# Rat cage - how tall?



## rhaenyra (Apr 10, 2021)

Hi,

As far as I understand Blue Cross recommend a minimum height of 50cm for rats. Would you say this is alright?

Of course there would be multiple levels, hammocks, etc.

Thanks for your advice!


----------



## Linda Weasel (Mar 5, 2014)

Rats are athletic, intelligent and busy. I would say give them as big a cage as your space will allow, rather than thinking minimum requirements.


----------



## Engel98 (Oct 7, 2018)

Rats don't just need height though so don't get to caught up with that. They need floor space too  roughly the minimum amount of space is 2sqft per rat. More is obviously better though

(Also I agree with @Linda Weasel )


----------



## rhaenyra (Apr 10, 2021)

Thanks for your advice! I'd love to get a bigger cage, but it's just not possible at the moment so I was concerned whether a pair/trio of rats could live happily in that cage (with plenty of out-of-cage time too, of course)


----------



## Engel98 (Oct 7, 2018)

rhaenyra said:


> Thanks for your advice! I'd love to get a bigger cage, but it's just not possible at the moment so I was concerned whether a pair/trio of rats could live happily in that cage (with plenty of out-of-cage time too, of course)


Can I ask what cage you have?


----------



## rhaenyra (Apr 10, 2021)

@Engel98 I have the Savic Plaza at the moment, which is advertised as suitable for rats (but sounds like it might be a bit small). I was hoping it would be alright, but if it's completely unsuitable I'll have to upgrade - maybe to something like the Savic Zeno 3 Empire?


----------



## Engel98 (Oct 7, 2018)

rhaenyra said:


> @Engel98 I have the Savic Plaza at the moment, which is advertised as suitable for rats (but sounds like it might be a bit small). I was hoping it would be alright, but if it's completely unsuitable I'll have to upgrade - maybe to something like the Savic Zeno 3 Empire?

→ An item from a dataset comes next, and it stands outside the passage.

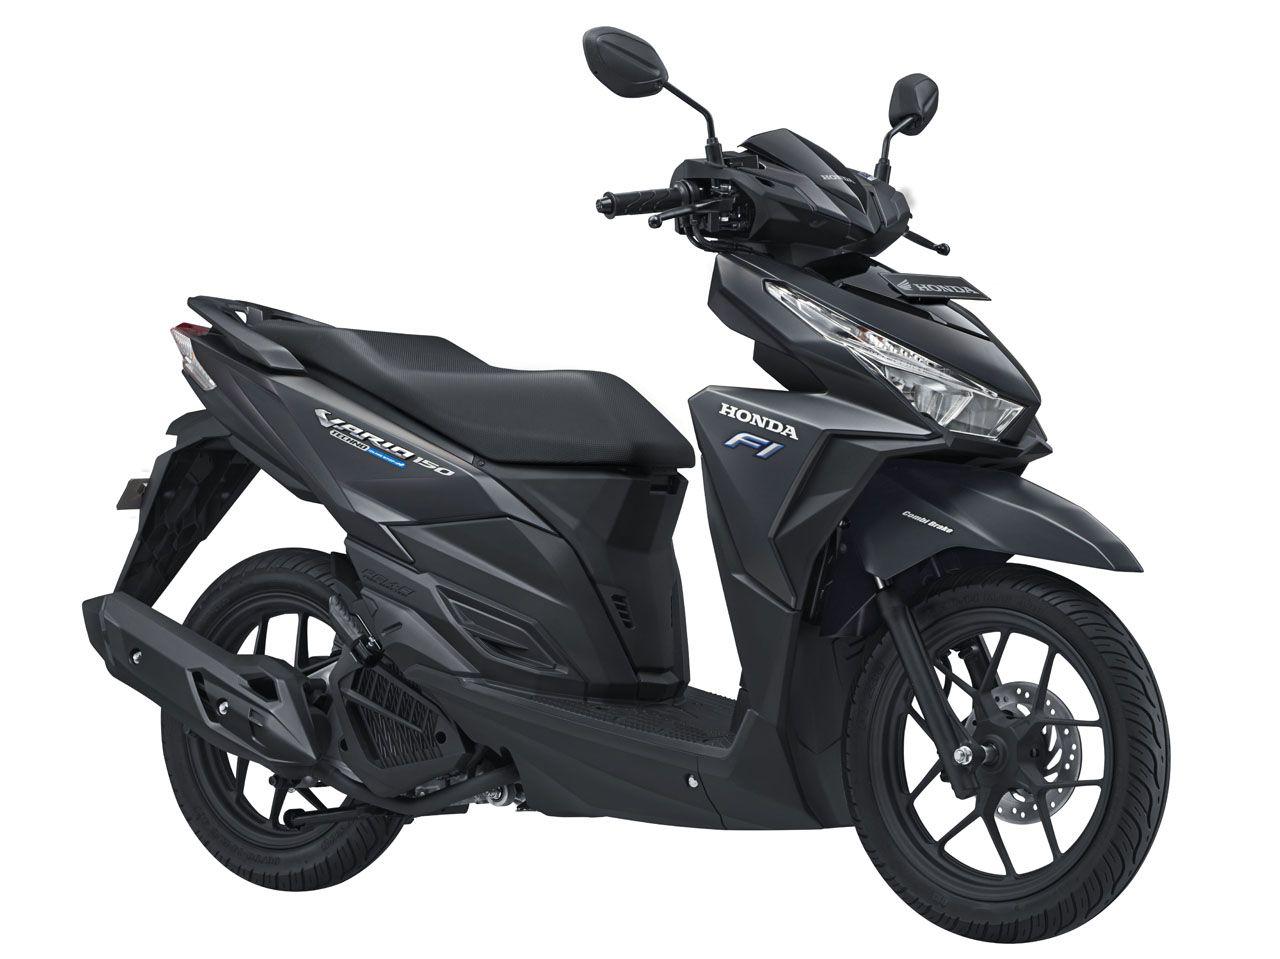 Mẫu xe máy Honda mới nhất - Vario 150 đã ra mắt thị trường Indonesia hồi tháng trước

To start with the plaza is fine. Initially you don't want a cage too big and interesting for them. You want a smaller one thats plain and simple. It'll help you tame them as you'll be more interesting than the cage. You'll want open hides (no roof so they can hide). An example would be 1 flat hammock, a rope to climb and one other item which they can't hide in. Look on YouTube and search ISAMU RATS. She's got lots of information, everything you could need and more.


----------